Through SKUChain’s Popcodes (Proof of Provenance codes) Tech and Brackets platform for smart contract governance and execution throughout the purchase cycle, organisations can place their entire supply chain ecosystem onto a permissioned blockchain network. Staying lean until it's ready to scale, initial commercial deployments are happening – SKUChain is working with a range of Fortune 500 companies with large supply chains so expects strong growth once its tech is proven.

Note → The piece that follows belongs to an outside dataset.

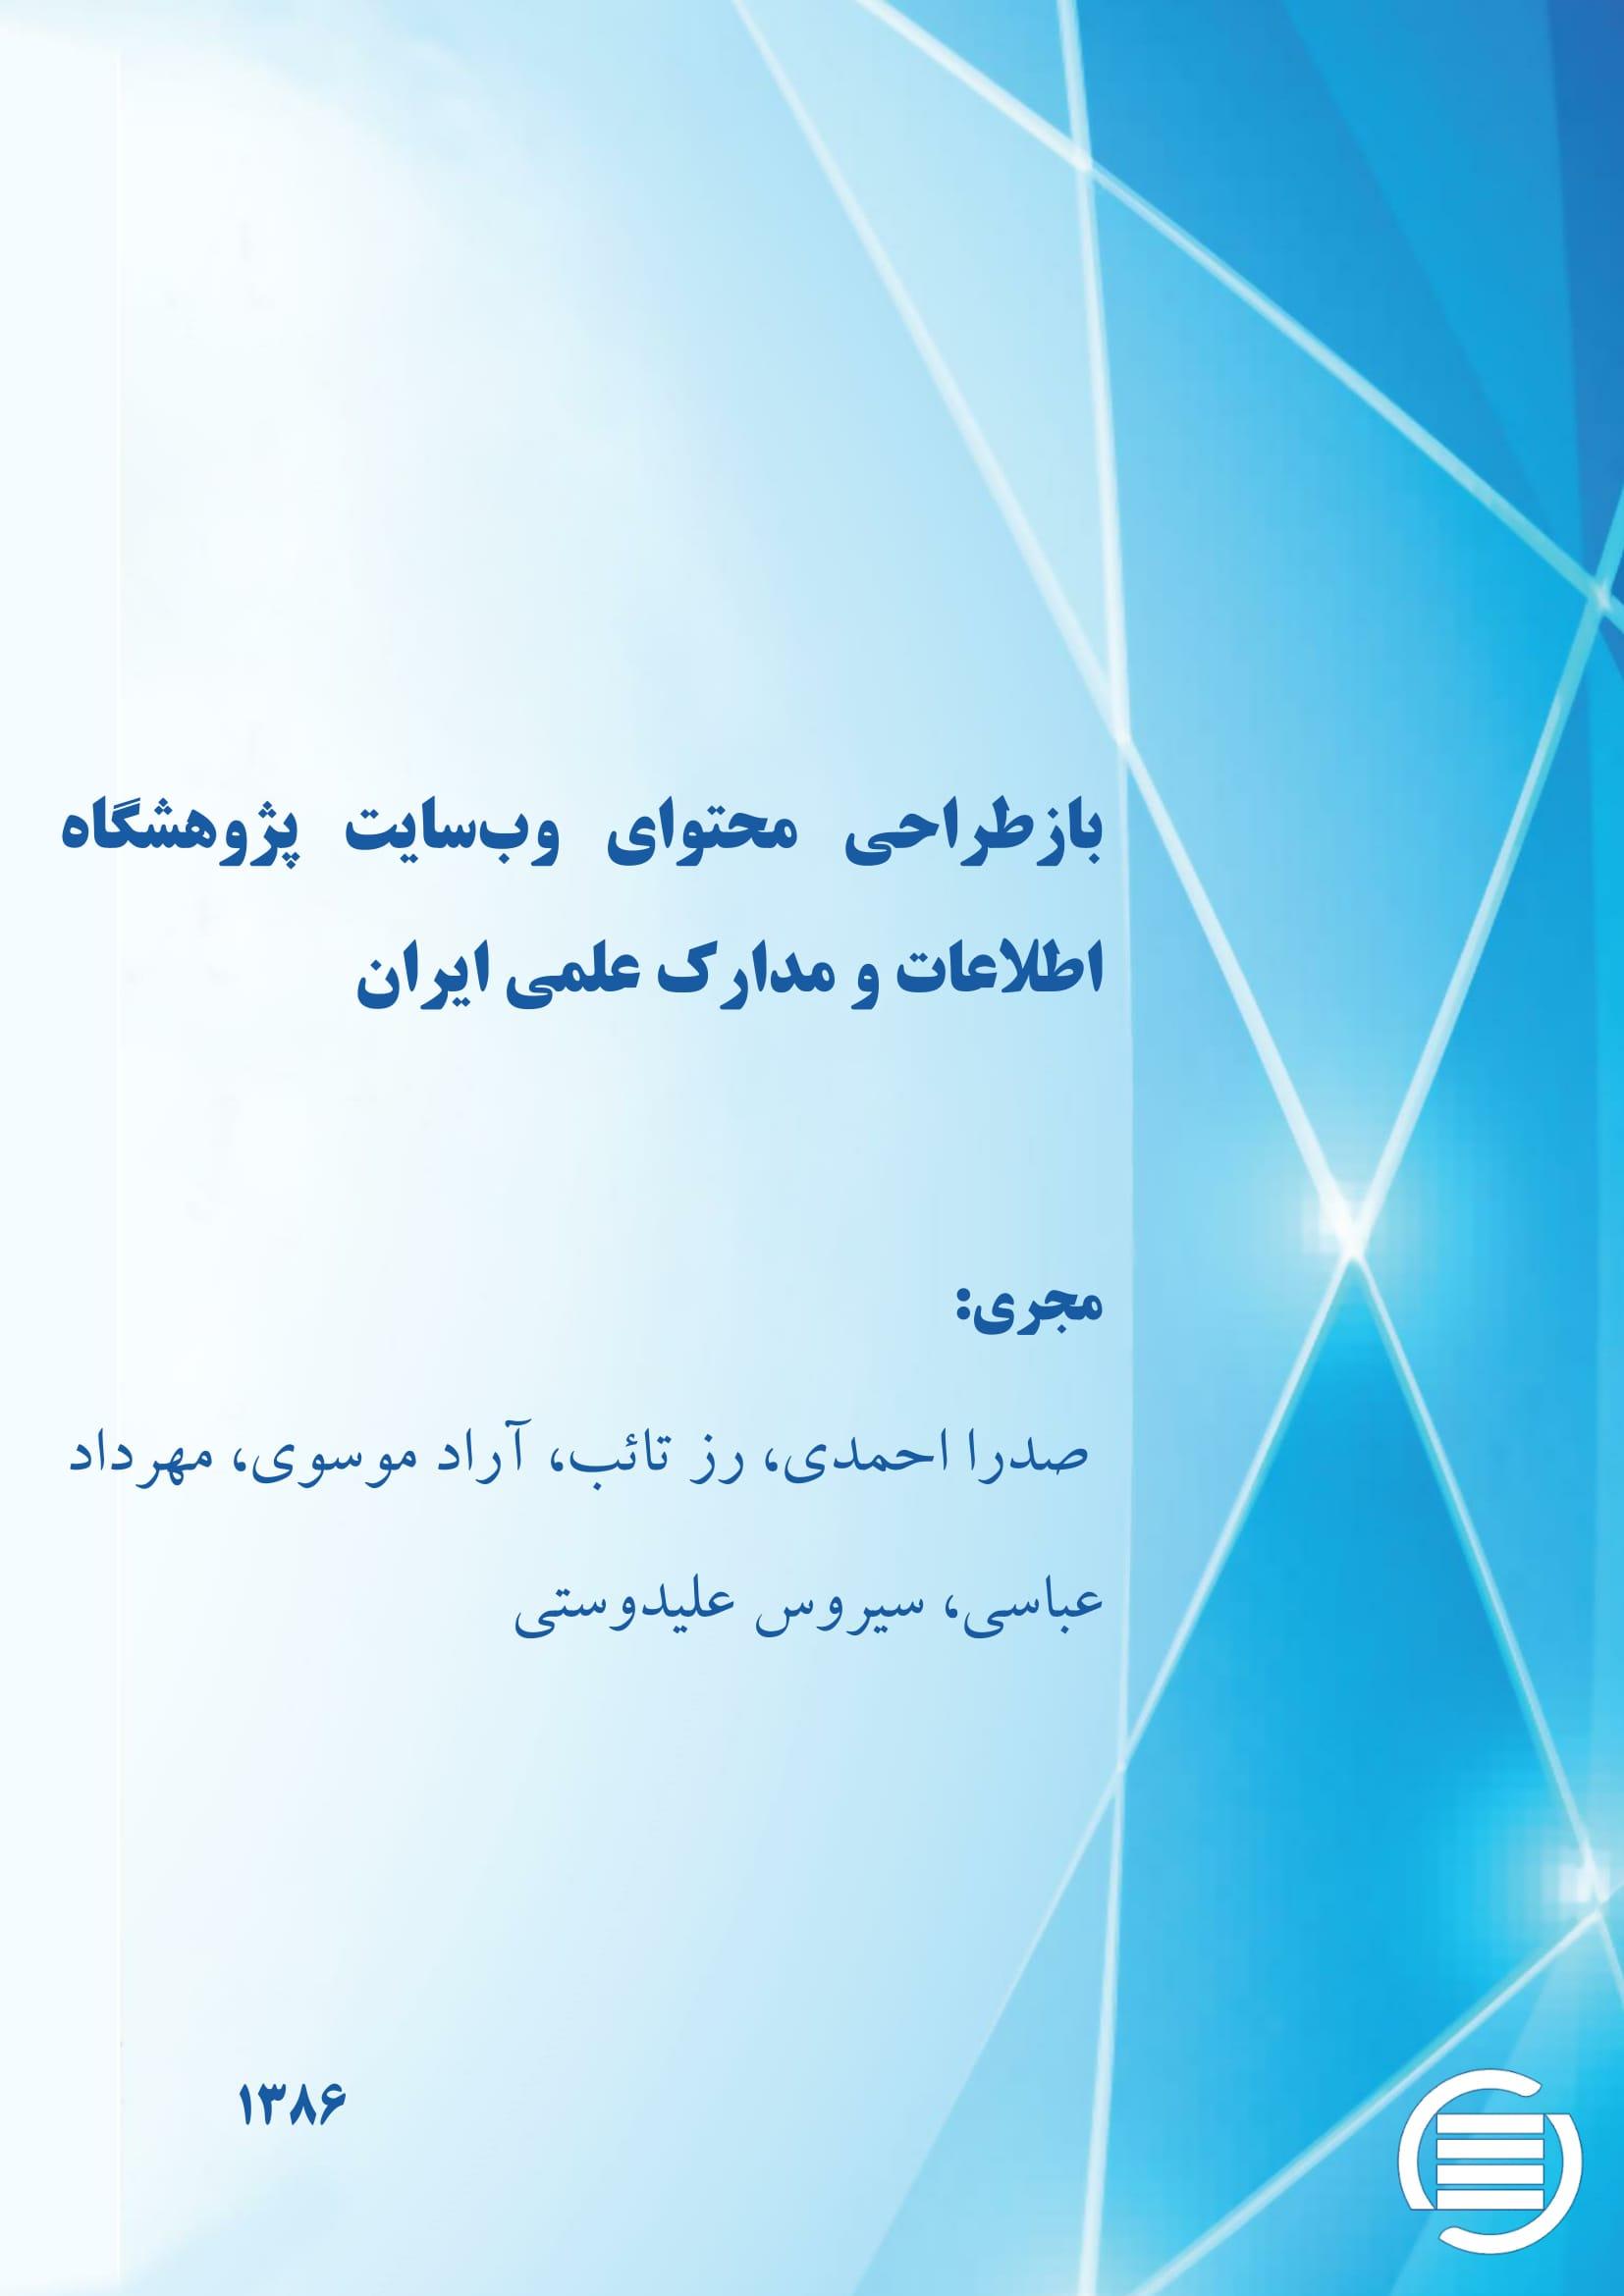 بازطراحی محتوای وبسایت پژوهشگاه اطلاعات و مدارک علمی ایران
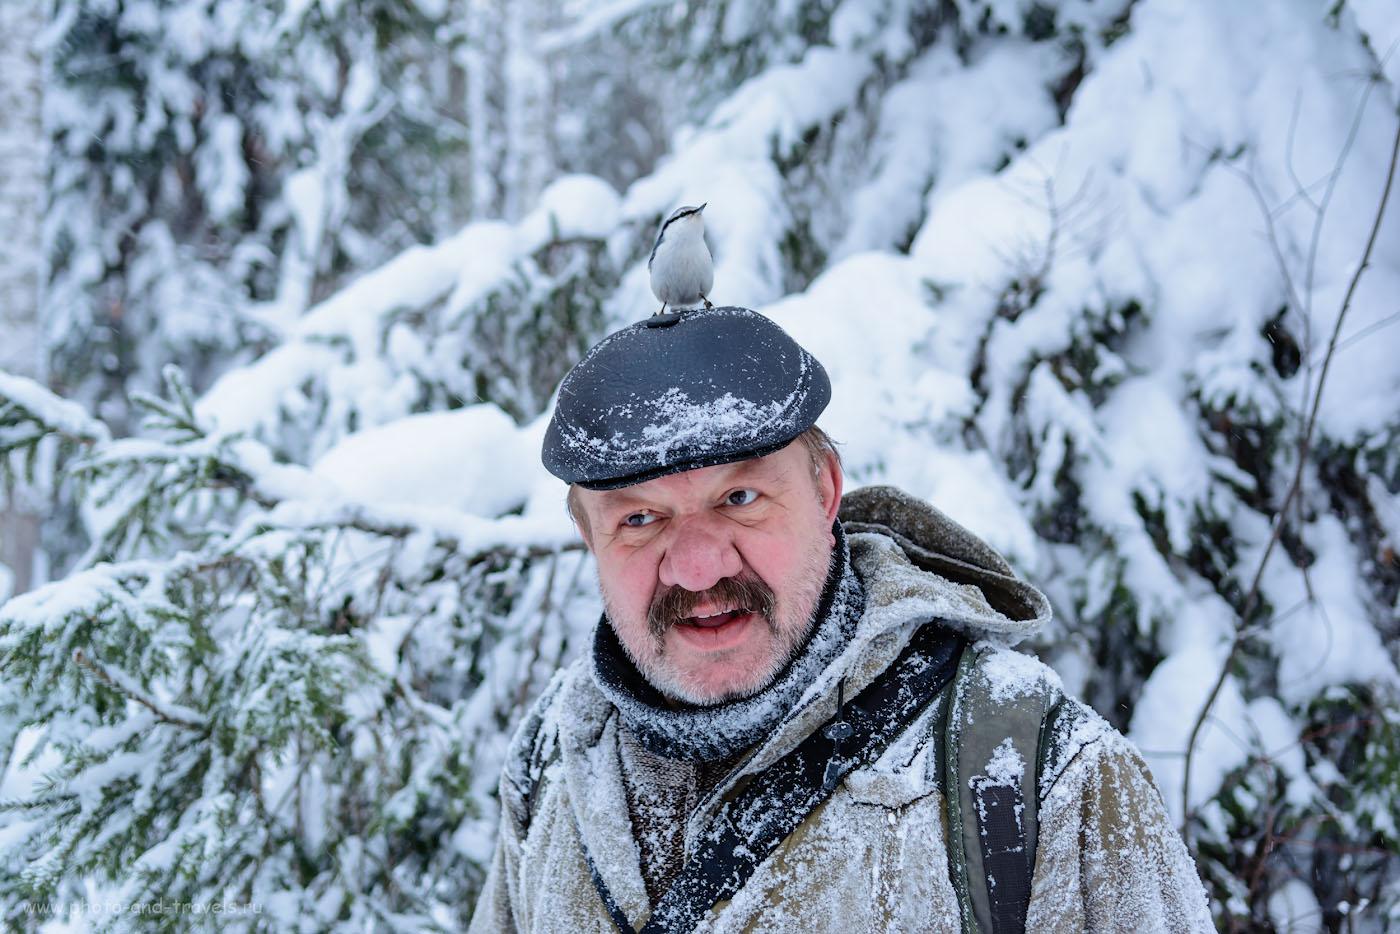 Фотография 27. Неожиданный случай в лесу. Портретная съемка. 1/100, +0.67, 2.8, 360, 31.

Swift provides financial messaging services incorporating security measures, making it a key influencer in the world of blockchain. It has garnered interest from the likes of Lloyds Bank and JPMorgan to test a proof of concept (PoC) of a Swift blockchain application. This initiative is targeting another area ripe for disruption, the management of international nostro accounts (a bank account held by a UK bank with a foreign bank, usually in the currency of that country) in real time. There are 27 organisations involved in the testing process including Standard Chartered and Deutsche Bank. The stature of the participants is a strong indicator of the weight this new application may carry. “The distribution ledger technology PoC supports Swift’s goal of making cross-border payments more efficient – a mission we have championed through Swift gpi, which offers customers fast, transparent and traceable cross-border payments,” says Wim Raymaekers, Head of Banking Market at Swift.
Specific challenges to industry-wide adoption include the need to develop unique value propositions in response to the different levels of sophistication, automation and past investments of banks. Swift believes it is crucial that integration with legacy back office applications and co-existence with current processes is taken into account. “Preliminary results from the distributed ledger technology PoC are positive for this use case,” reveals Damien Vanderveken, Head of R&D at Swift. “Significant progress has been made, but it is still early days for the latest generation of blockchain technology, and it will take time before it is mature and scalable enough for mission critical applications.”